Exercise inputs =>

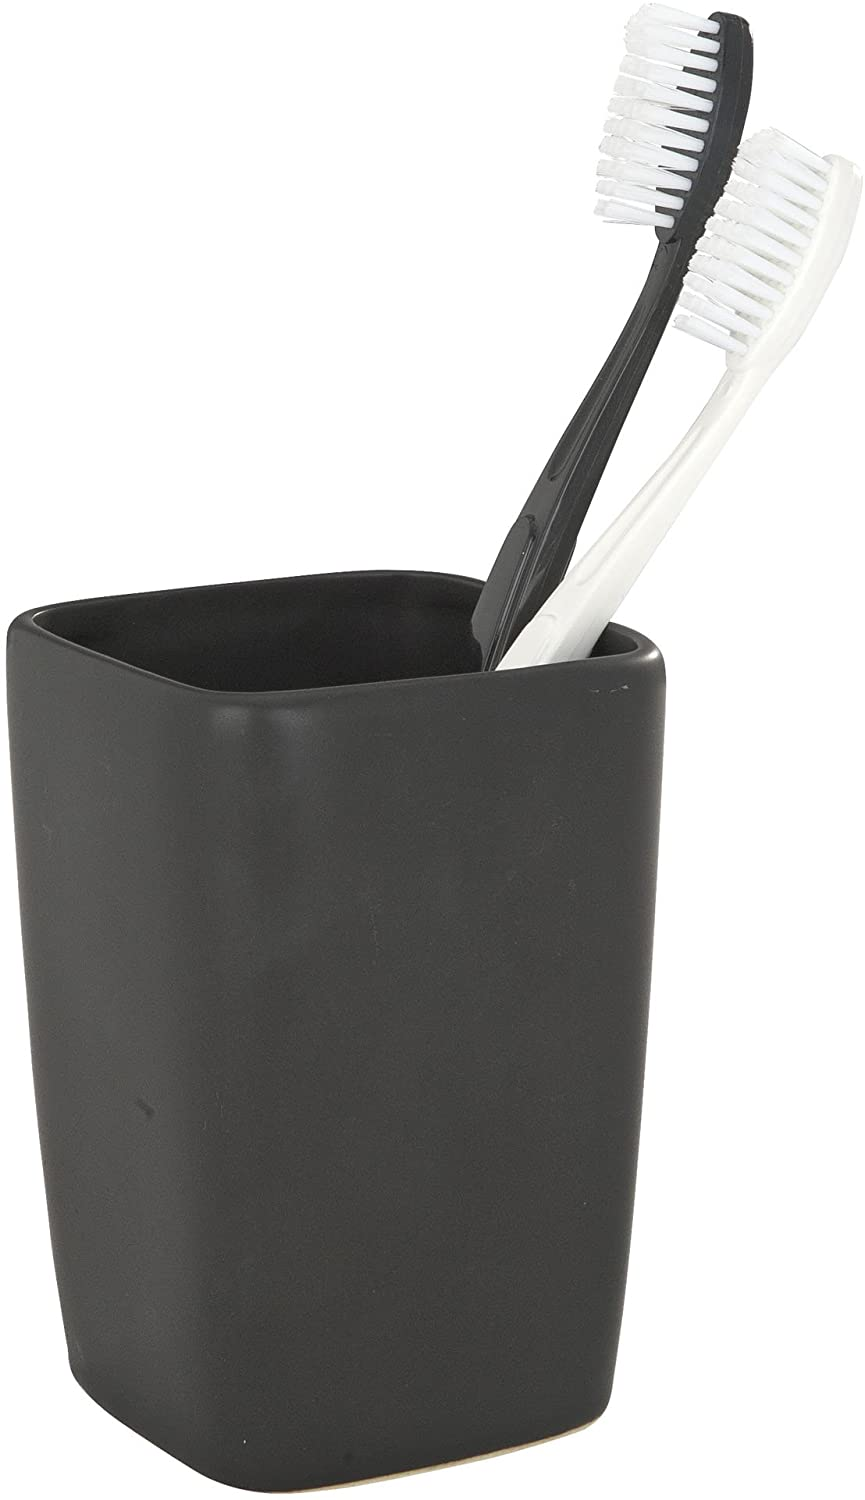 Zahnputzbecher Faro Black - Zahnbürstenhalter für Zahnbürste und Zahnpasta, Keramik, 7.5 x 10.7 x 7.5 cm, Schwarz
* * *
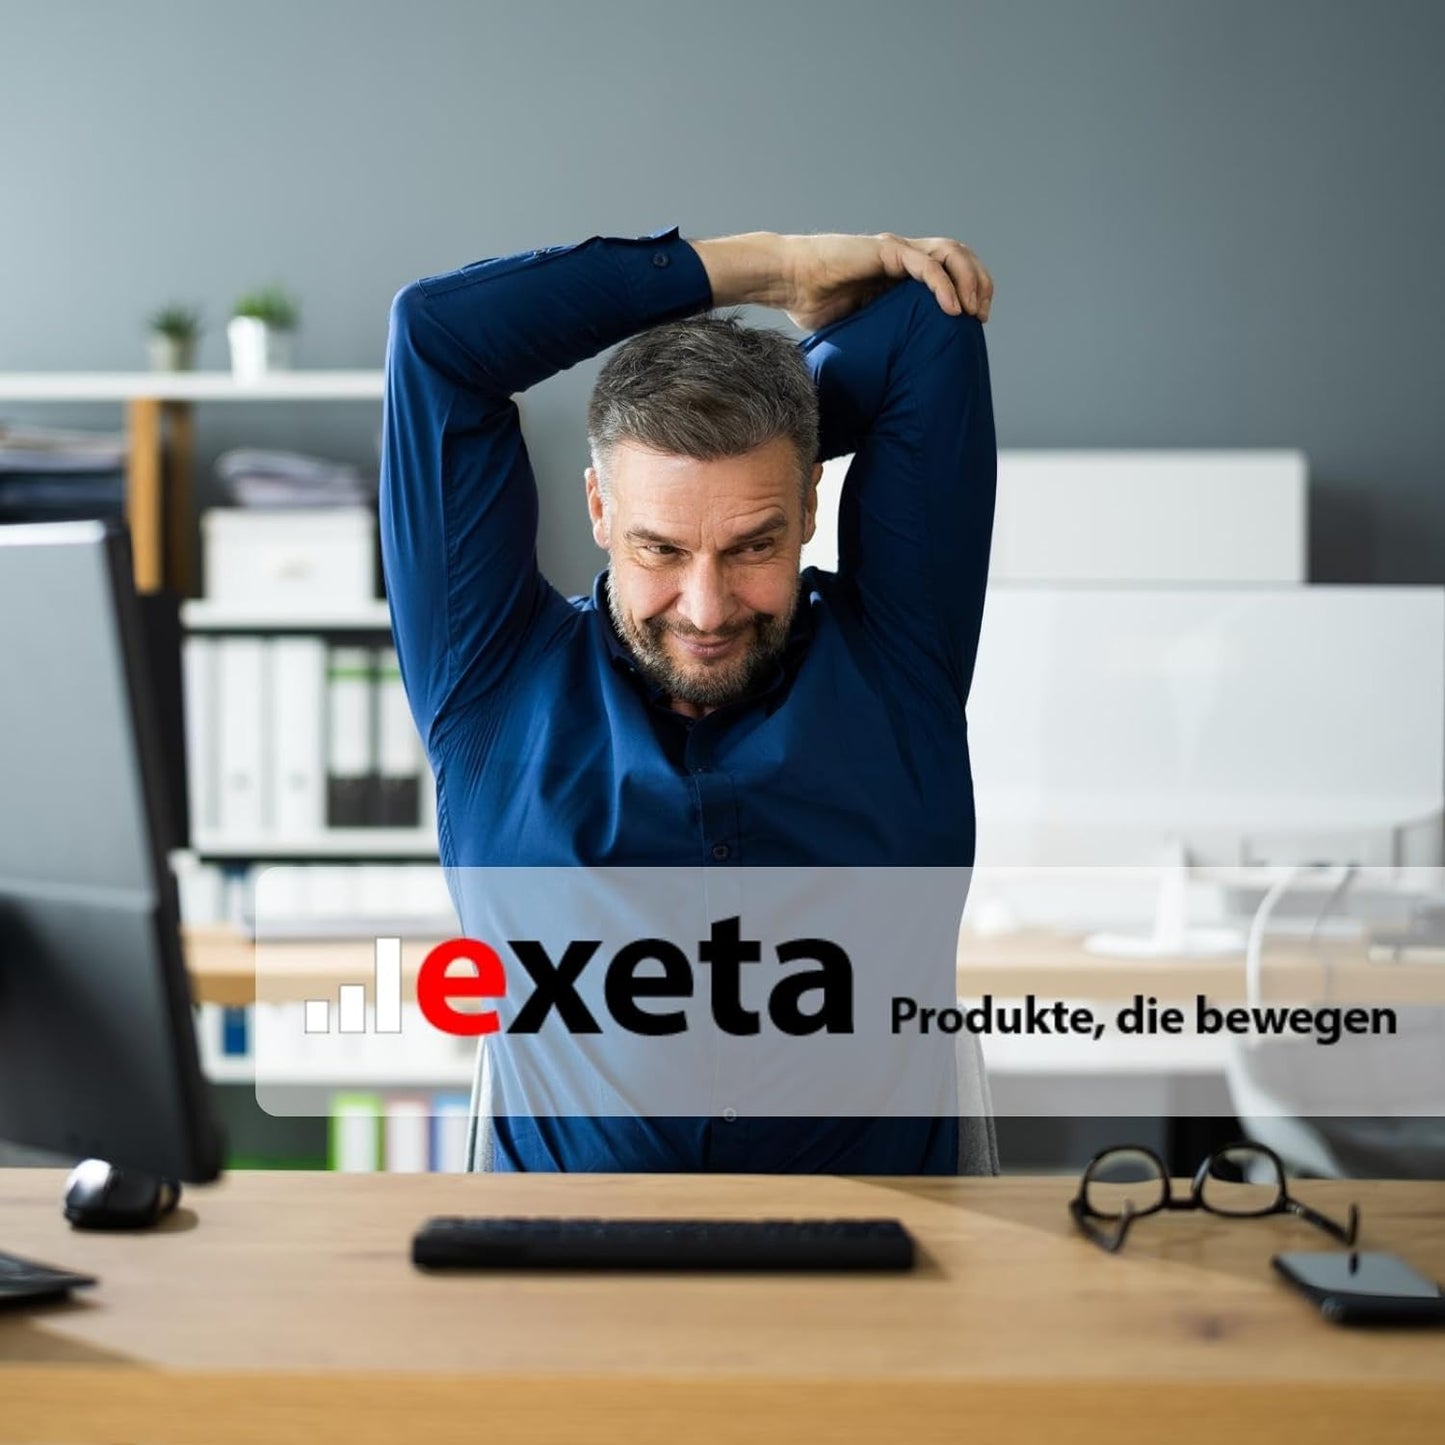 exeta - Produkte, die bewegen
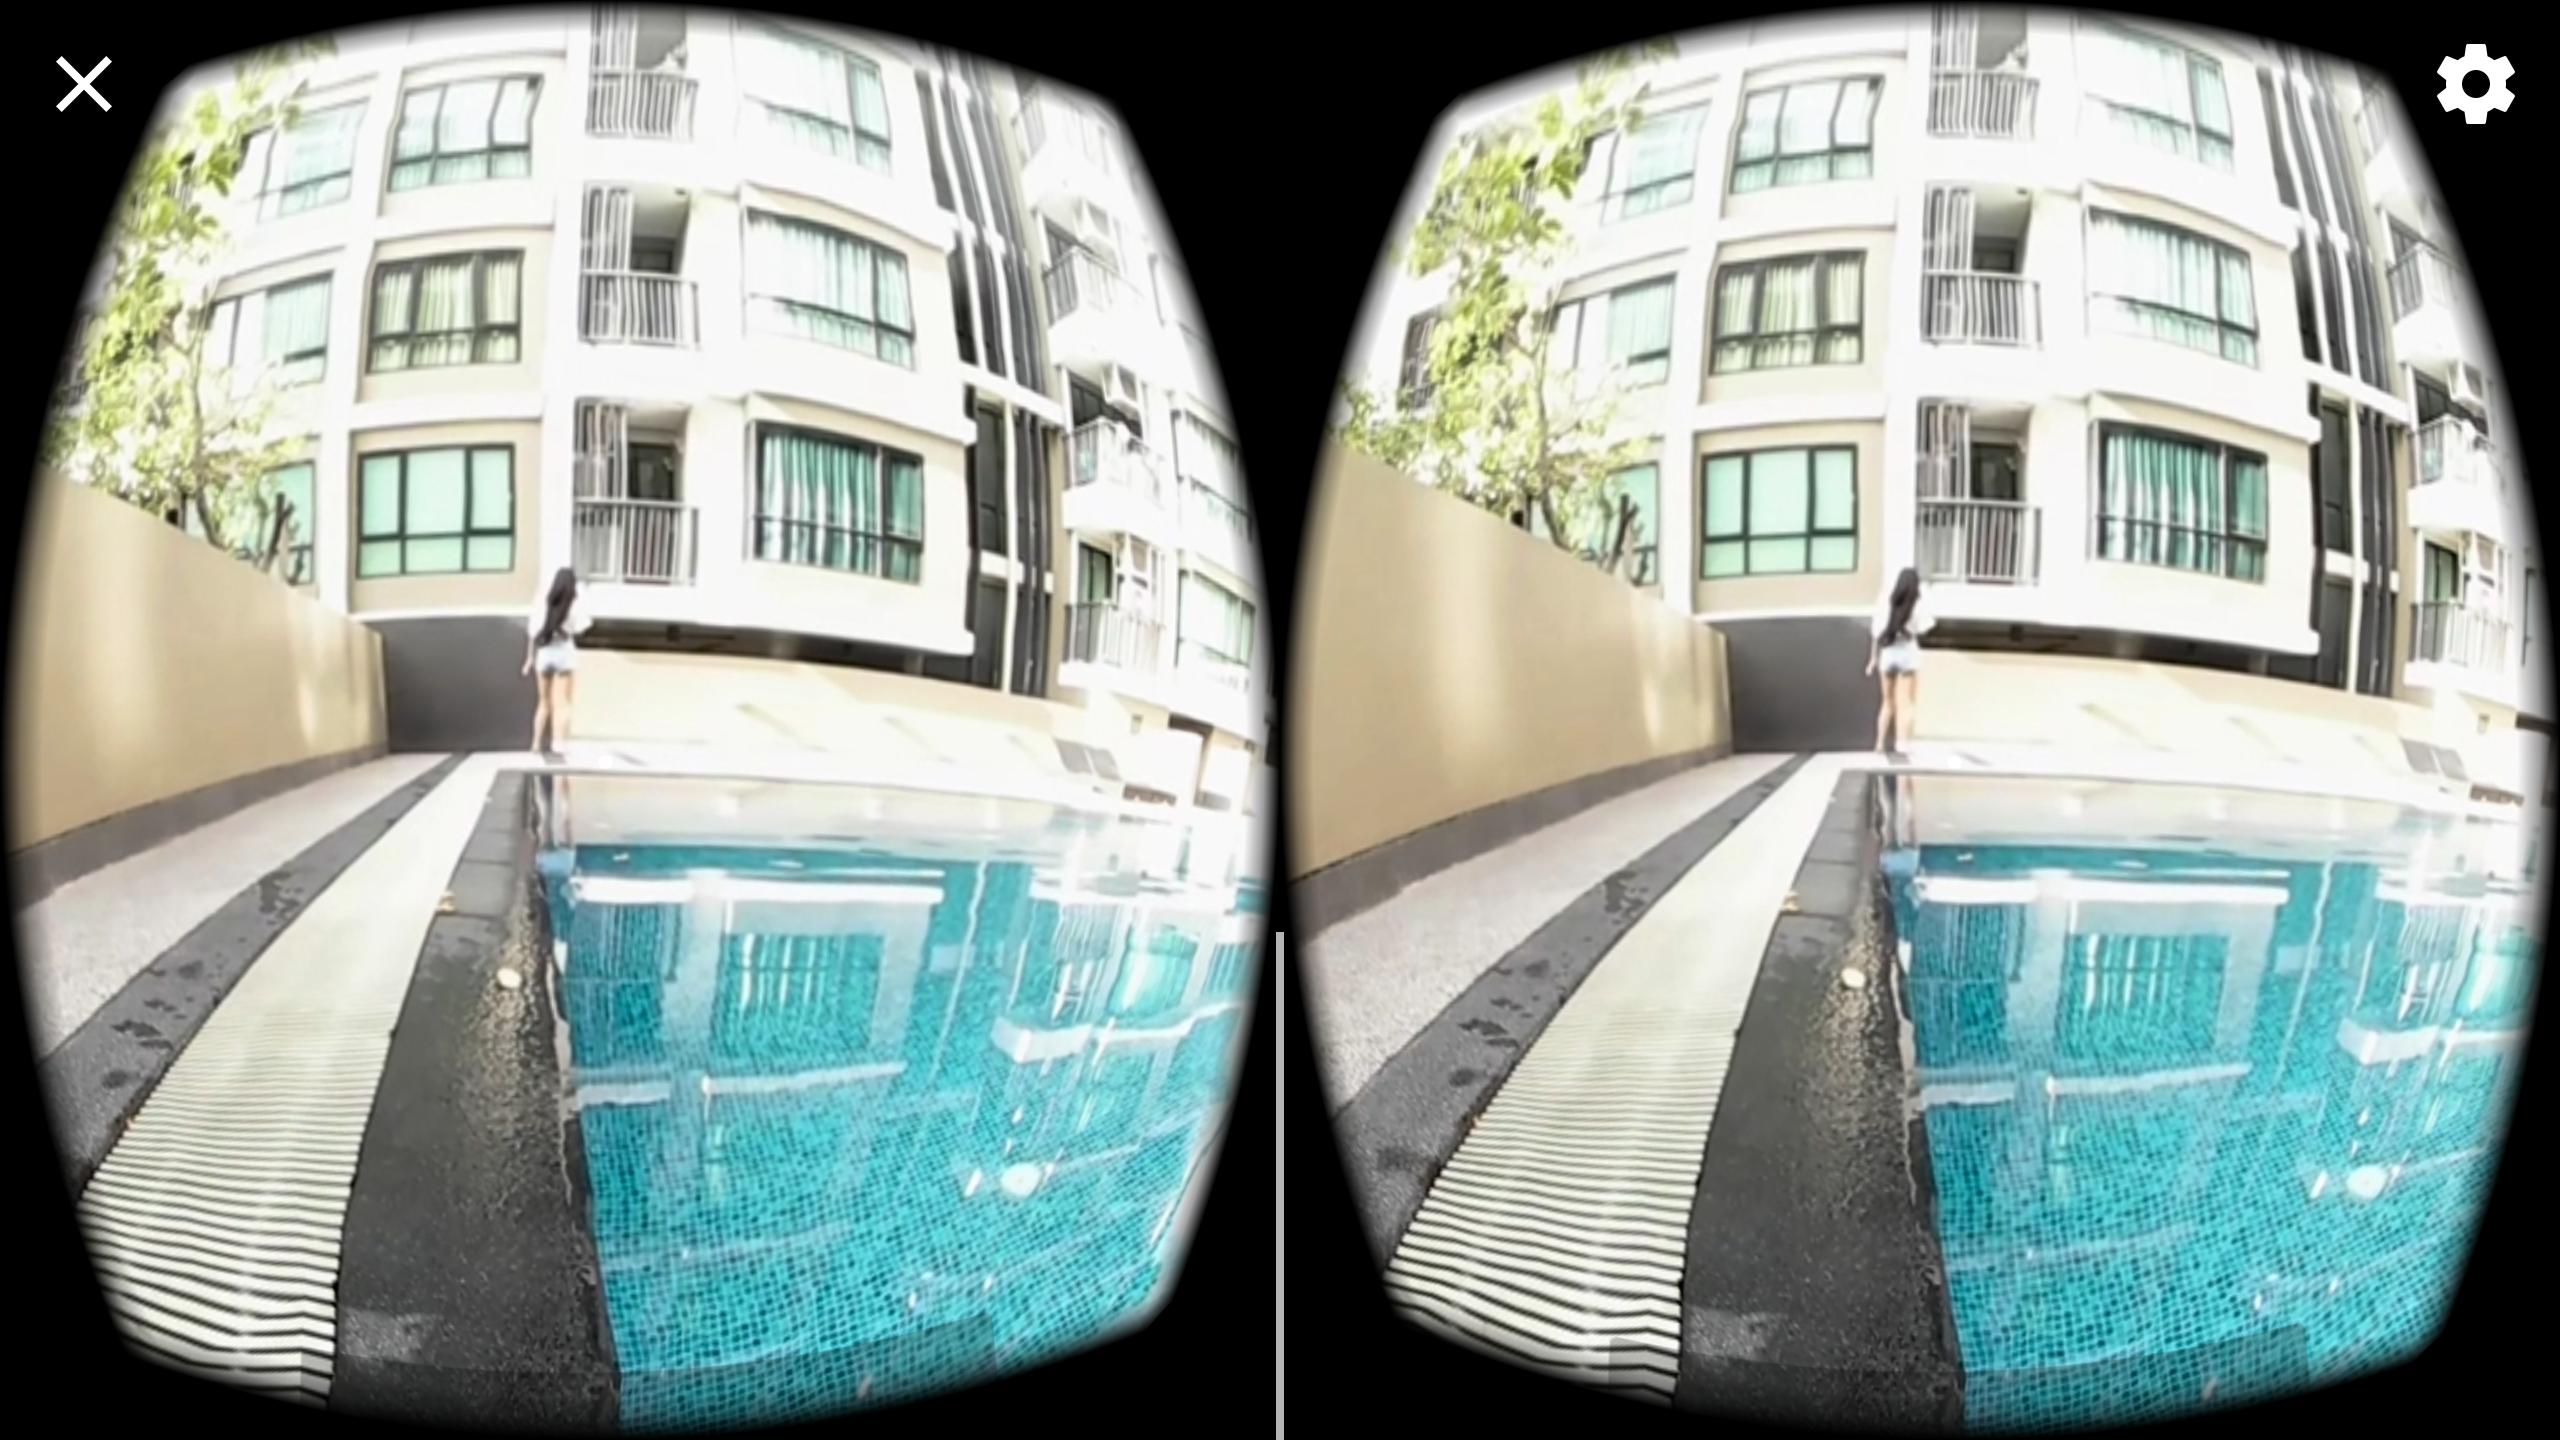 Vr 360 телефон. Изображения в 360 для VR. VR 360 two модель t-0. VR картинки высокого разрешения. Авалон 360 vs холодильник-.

Task objective => In the listing above, find the line containing "exeta - Produkte, die bewegen" and the line containing "Vr 360 телефон.", then output those two lines and everything between them exactly as written, without the images.

Response area =>
 exeta - Produkte, die bewegen
 Vr 360 телефон. Изображения в 360 для VR. VR 360 two модель t-0. VR картинки высокого разрешения. Авалон 360 vs холодильник-.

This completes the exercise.